Tensions had, in fact, been building for months, with the threatened eviction of Palestinian families from the Sheikh Jarrah neighborhood of East Jerusalem. Smaller protests in the area, taking place at a steady clip for some time, grew larger. But even these details don’t capture the broader context. What is so important about Sheikh Jarrah, and why are Palestinian families being faced with eviction in the first place? As NBC News reported: “The expansion of Jewish settlements in Sheikh Jarrah, which is on land that helps form the final link in a settlement circle surrounding east Jerusalem—an area that Palestinians hope will be the capital of a future state.”
That aspiration matters, but seemingly not much to those who see Israel’s right to self-defense as the only truly salient issue. They don’t see the occupation itself—and what has flowed from it—as the original sin. And because they don’t recognize the centrality of the occupation, they don’t acknowledge what is so obvious to the other side: the basic fact of a lopsided power dynamic, in which Israel is the aggressor and Palestinians are the aggressed. This imbalance ought to matter—and not just for moral reasons. American policy makers, regardless of whether they see Palestinians as fully deserving of rights and dignity, should understand that wildly unequal power and capabilities make peace all but impossible. Absent international pressure, the more powerful actor has few incentives to offer substantive compromises and concessions to the weaker party.

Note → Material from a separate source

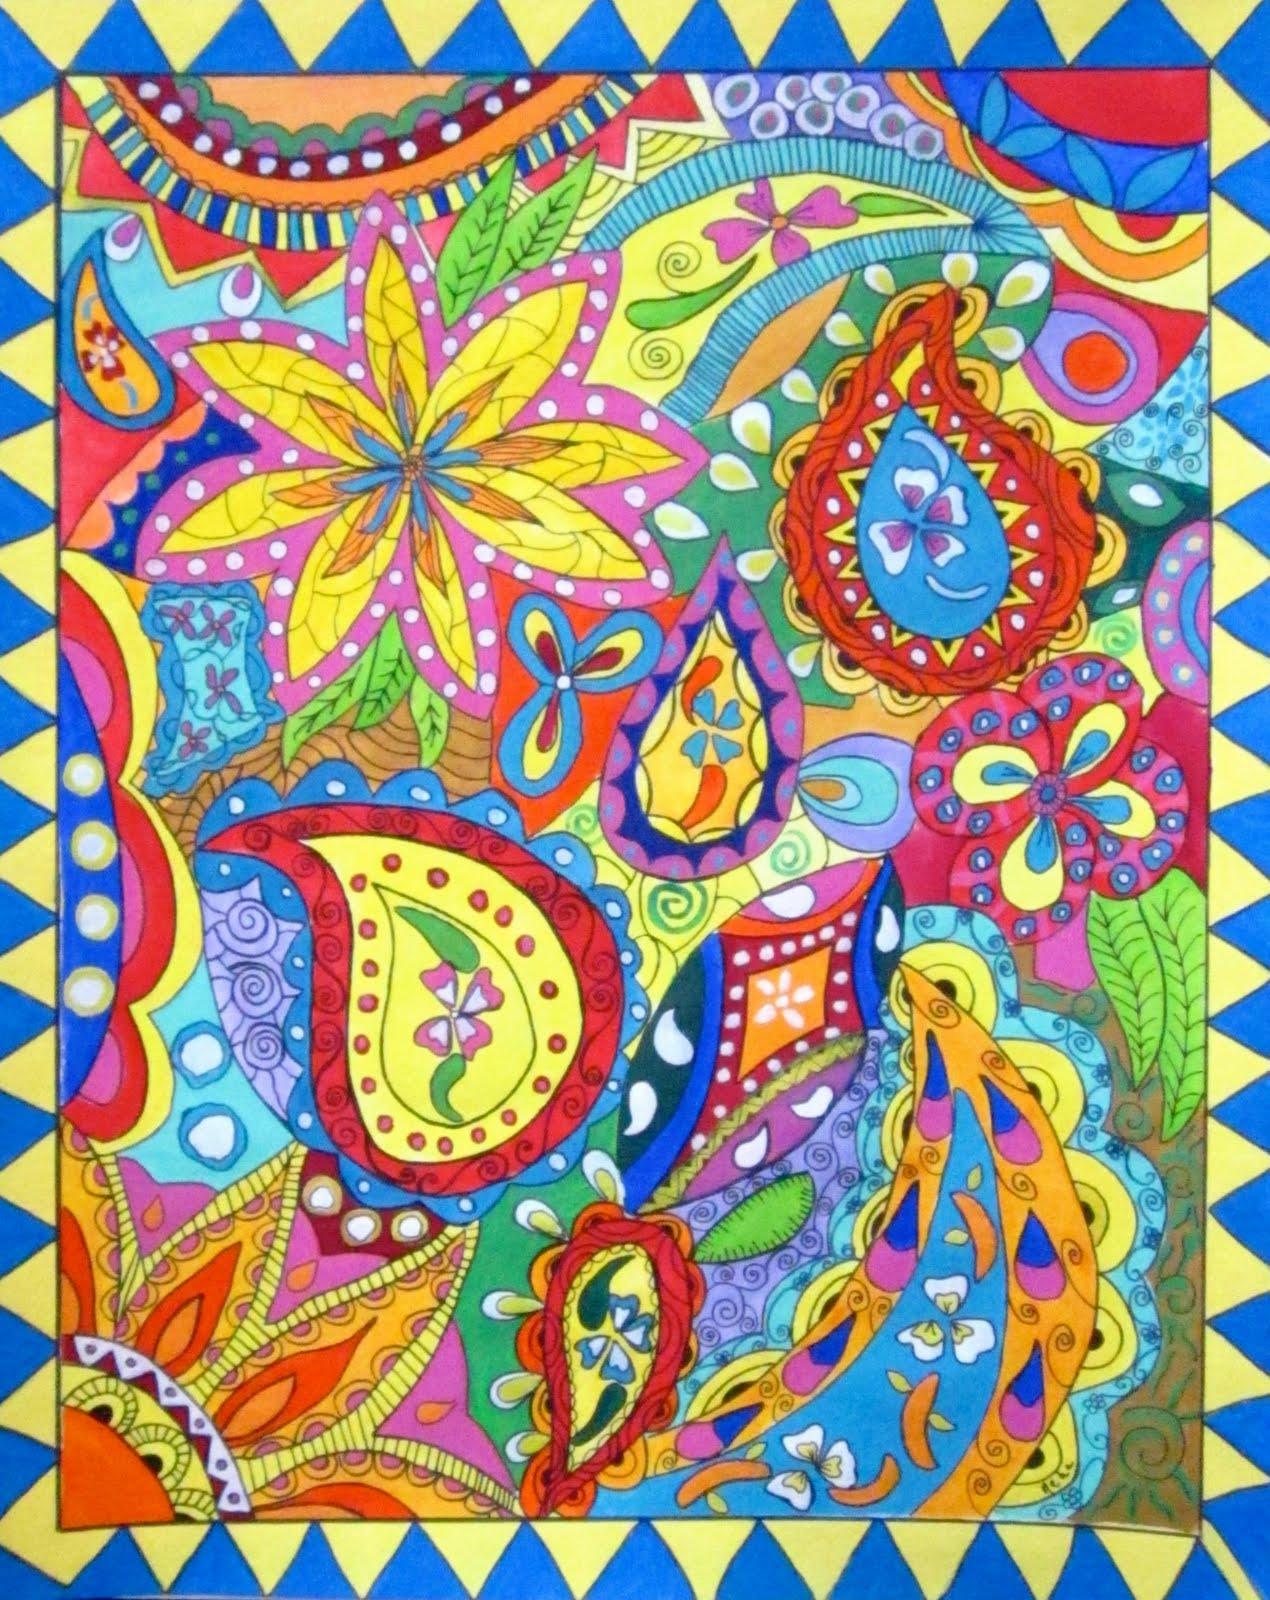 http://2.bp.blogspot.com/_nJ9UGUXtKz8/TKf-izbdpcI/AAAAAAAAJ9I/1lDYkrXA7-8/s1600/Neha_Dreanworld.JPG

The Biden administration is acting as if the past several years (or decades) have not happened. It is repeating the same mistakes as its predecessors, while hoping that a cease-fire can bring an end to hostilities and a return to calm. But until fundamental injustices—and Palestinian national aspirations—are addressed by ending an occupation that has lasted longer than my own existence, the calm will prove uneasy. Maybe that’s good enough for Biden. But it shouldn’t be.